Her other films include Stardust Memories (1980), Shock Treatment (1981) (the followup to The Rocky Horror Picture Show in which she replaced Susan Sarandon as Janet Weiss), Pennies from Heaven (1981), The Blue Iguana (1988), Safe (1995), and Minority Report (2002). In addition to acting, Harper is also an author of children's music and books.

Early life
Harper was born in Chicago, Illinois, the daughter of Eleanor (née Emery), a writer, and Paul Church Harper Jr., a painter and the former chairman of the Needham Harper Worldwide advertising agency in New York. She attended the North Shore Country Day School in Winnetka, Illinois, and Sarah Lawrence College in New York. She has two sisters, Lindsay Harper duPont an illustrator and Diana Harper a teacher and three brothers: her twin brother William Harper who is a composer; Sam Harper, a screenwriter and director; and Rev. Charles Harper.

Career
Harper has appeared in more than twenty motion pictures, most notably Dario Argento's Suspiria, Brian DePalma's Phantom of the Paradise & the follow-up to The Rocky Horror Picture Show, Shock Treatment. She was also in My Favorite Year, alongside Peter O'Toole and Mark Linn-Baker, and costarred with Steve Martin and Bernadette Peters in Pennies from Heaven.  Woody Allen featured her in his films Stardust Memories and Love and Death, and she appeared in the fourth season of It's Garry Shandling's Show as well as the Steven Spielberg/Tom Cruise film Minority Report. She was seen in a 2005 episode ("Forget Me Not") of the television series Crossing Jordan.

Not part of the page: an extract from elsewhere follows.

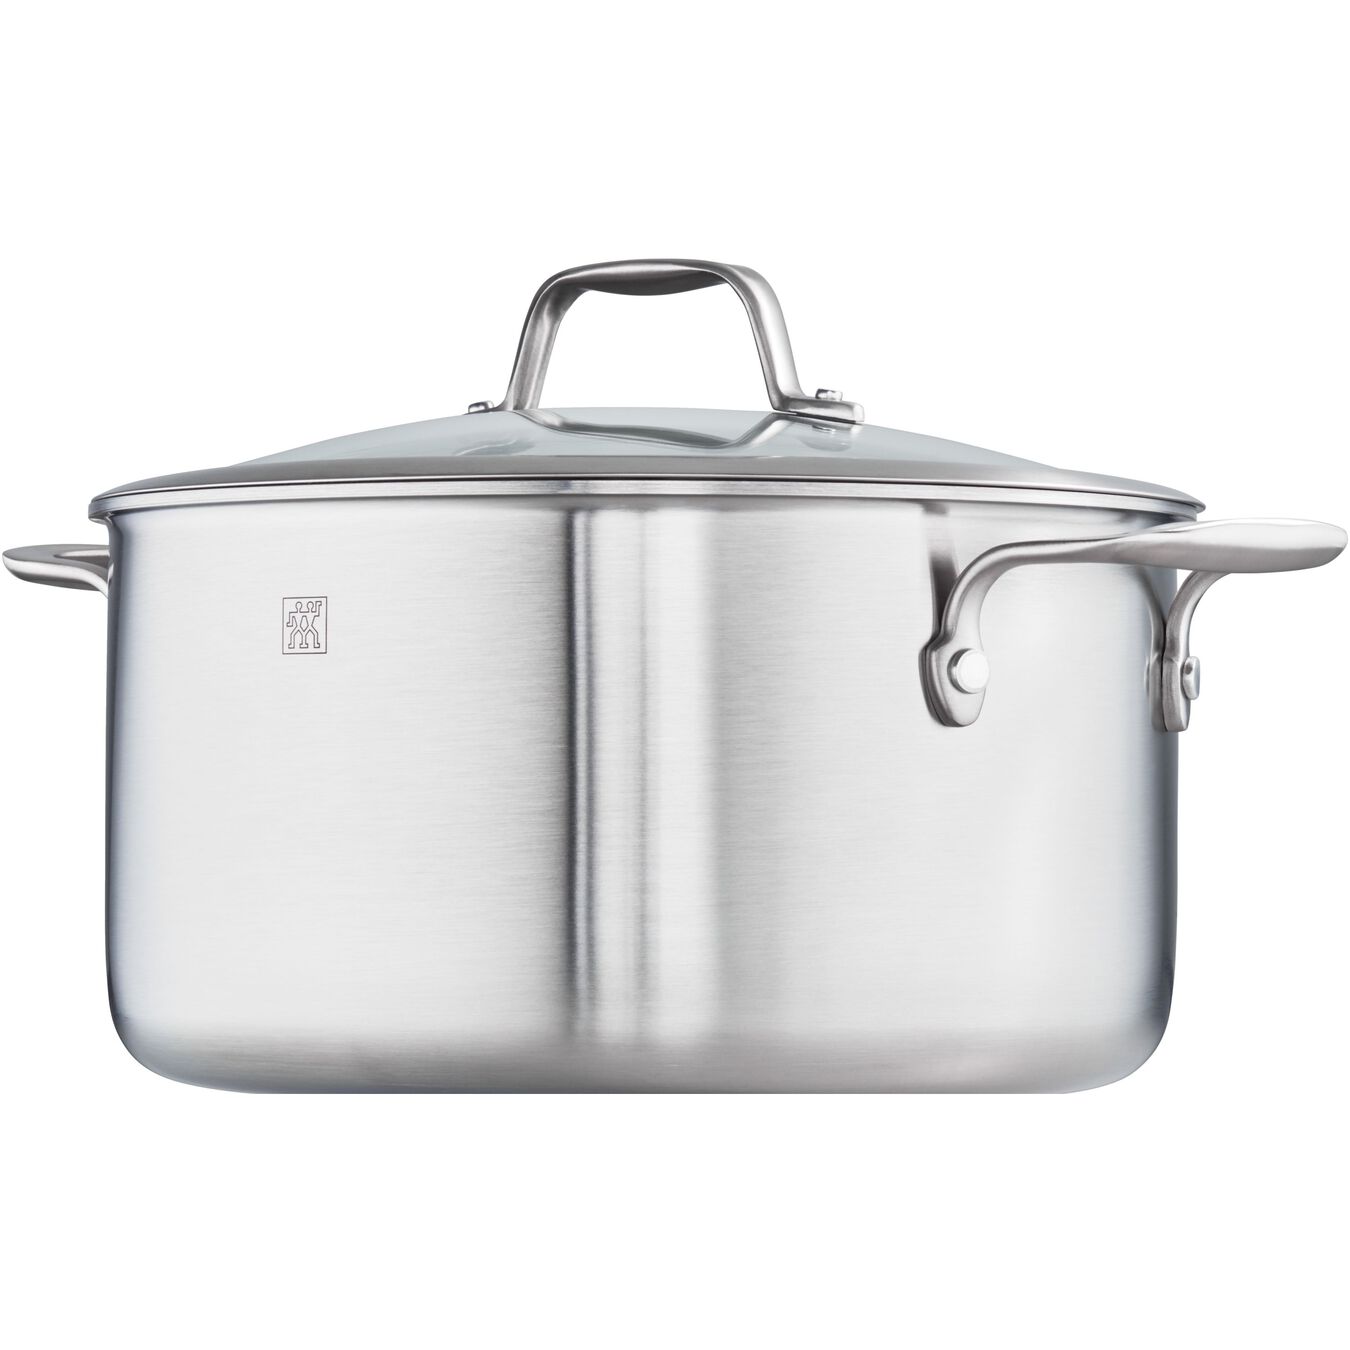 Zwilling Spirit Stainless 6 Qt Dutch Oven Official Zwilling Shop

She has written eleven books for children, and made seven albums of songs for children. She was named by Parenting magazine as "Parent of the Month" in 2004. In 2000, she sang background vocals on selected tracks on the Dan Hicks and his Hot Licks album Beatin' the Heat.

In December 2010, Harper released a cookbook titled The Crabby Cook Cookbook: Recipes and Rants.  In a January 2011 interview Harper said, "I thought it was high time there was a book that acknowledged that not everybody experiences the joy of cooking, that sometimes cooking for a family on a daily basis can be really irritating! This book, with 135 easy recipes, is for those people, crabby cooks like me!  It's a collection of humor, survival tips and recipes, for the kitchen-challenged!"  In March 2011, she was on tour promoting her book. Stops included Chicago, where she held a "Lunch and Learn with Jessica Harper".

Personal life
Harper married Thomas Edgar Rothman, a top executive at Sony Pictures (formerly of 20th Century Fox) on March 11, 1989 in an ecumenical ceremony. She has two daughters, Elizabeth and Nora, who are featured on her children's albums and books. Harper resides in Los Angeles, California, and New York City.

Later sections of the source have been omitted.